De enige schrijffout is, naar mijn mening "bijvoorbeeld"  - het hoort aan elkaar geschreven te worden maar nog eens, ik weet het niet zeker.


----------



## YellowOnline

To belong: bijna altijd als "is van". Het woord "behoren" wordt eerder gebruikt voor bijvoorbeeld een deel van een groep (bv. "_België en Nederlanden behoren tot de EU._").

"Bijvoorbeeld" is in één woord, inderdaad.

Tenslotte: "_zodat ik mijn Nederlands bevorder._" -> "_zodat ik mijn Nederlands verbeter._" Bevorderen is (meestal) een verhoging in rang (bv. "_Ze werd tot luitenant bevorderd._")


----------



## bibibiben

awelley said:


> Hallo, ik heb een vraag over de voorzetsel die ik moet gebruiken na het werkwoord "behoren".
> 
> Bij voorbeeld, ik wil "It belongs to her" zeggen, moet ik "Het behoort tot haar" ofwel "Het behoort aan haar" zeggen?
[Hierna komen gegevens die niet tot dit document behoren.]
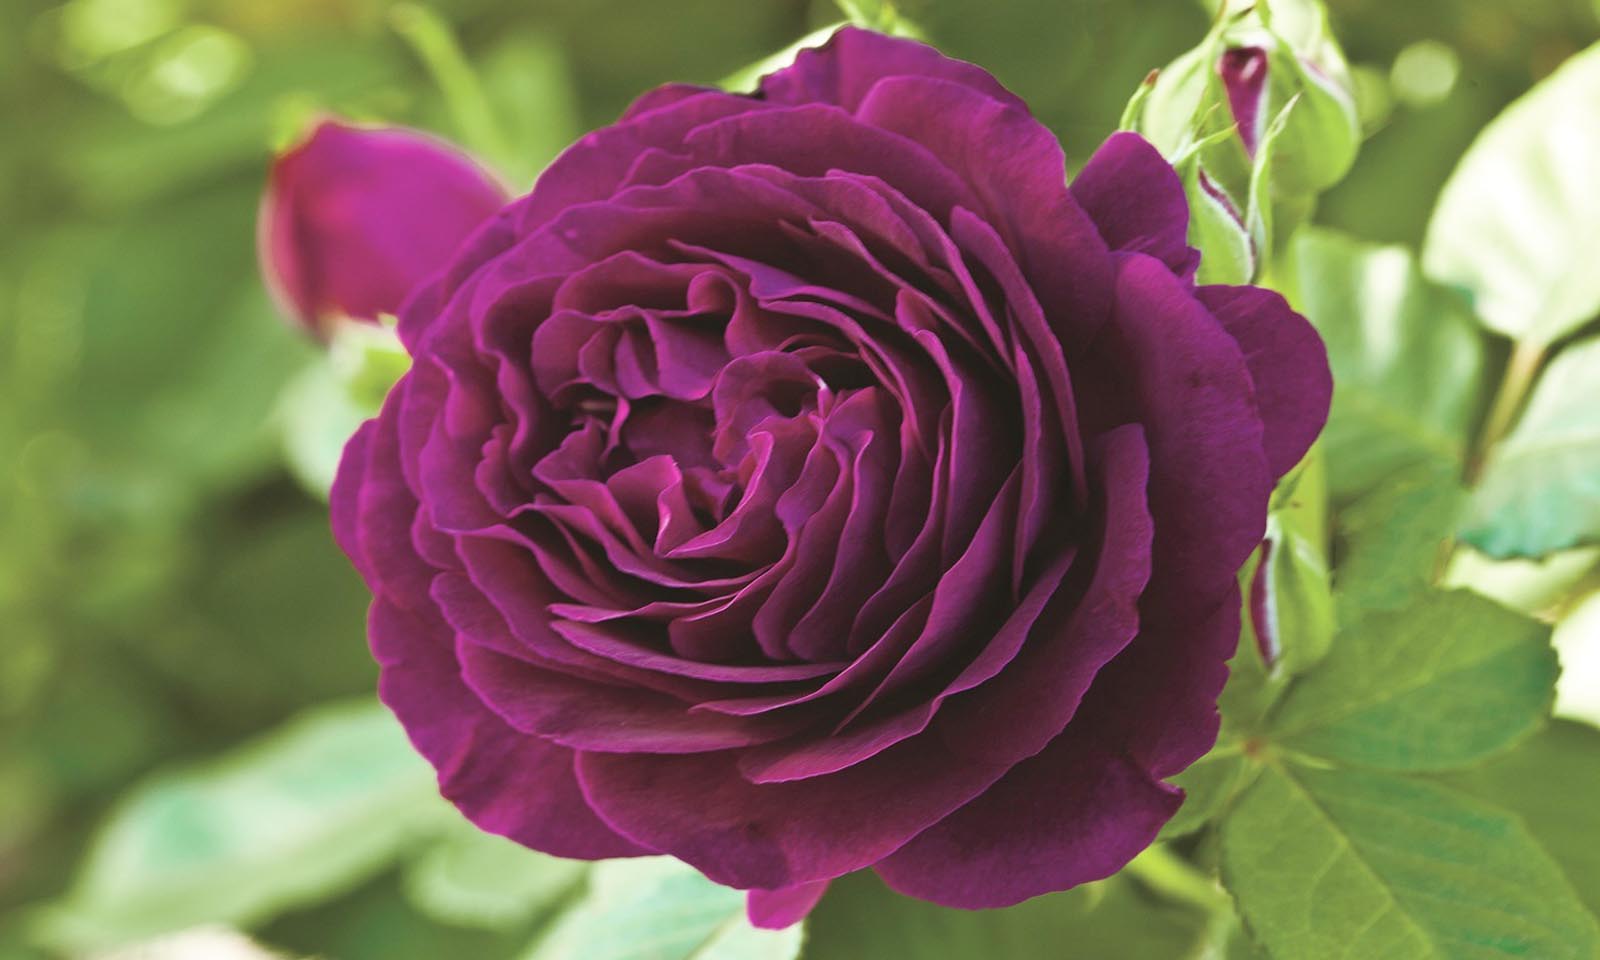 ROSE TWILIGHT 40cm  Wholesale Dutch Flowers & Florist Supplies UK

Met (_be)horen aan_ kun je wel bezit uitdrukken, maar het klinkt wat verouderd:

_Alles wat je ziet behoort aan mij._

Als je _toebehoren_ gebruikt, klinkt dat al wat meer van deze tijd:

_Alles wat je ziet behoort mij toe._
Of: _Alles wat je ziet behoort aan mij toe._

In het dagelijks taalgebruik zul je echter het vaakst horen:

_Alles wat je ziet is van mij._

_(Be)horen bij_ drukt geen bezit uit, maar drukt uit dat iets of iemand zijn juiste/natuurlijke plaats bij iets of iemand anders heeft. Er is dus verschil tussen:

(1) Jij behoort mij toe.

en

(2) Jij (be)hoort bij mij.

Zin (1) kun je vervangen door het prozaïsche _jij bent van mij_, maar zin (2) niet.


----------



## Peterdg

awelley said:


> Hallo, ik heb een vraag over de *het*  voorzetsel die *dat* ik moet gebruiken na het werkwoord "behoren".
> 
> Als er nog taalfouten zijn in de tekst, die ik net heb geschreven, even corrigeren alstublieft zodat ik mijn Nederlands bevorder *verbeter*.


Nog een paar foutjes.


----------



## ThomasK

Ik heb de indruk dat het ozne vraagsteller wat minder gaat om bezit dan wel om 'behore'n als zodanig.  Het lijkt mij dat wij, net als de Engelstaligen, wat worstelen met twee betekenissen van "belong to", namelijk als bezit-aanduidend en als verwijzend naar lidmaatschap, of deel uitmaken van een groep. Maar hierboven komen onze equivalenten al aan bod: 

(a) bezit: het *behoort *mij *toe*/ het behoort aan mij [toe] (ik gebruik deze variant niet meer, zou ik zeggen)
(b) lid van groep, deel van: iets of iemand b*ehoort tot *een groep/ een verzameling
(c) lid van een groep moeten zijn:  iets of iemand (*be)hoort bij *mij   (vandaar ook _behoorlijk, naar behoren _- zoals het zou moeten zijn...)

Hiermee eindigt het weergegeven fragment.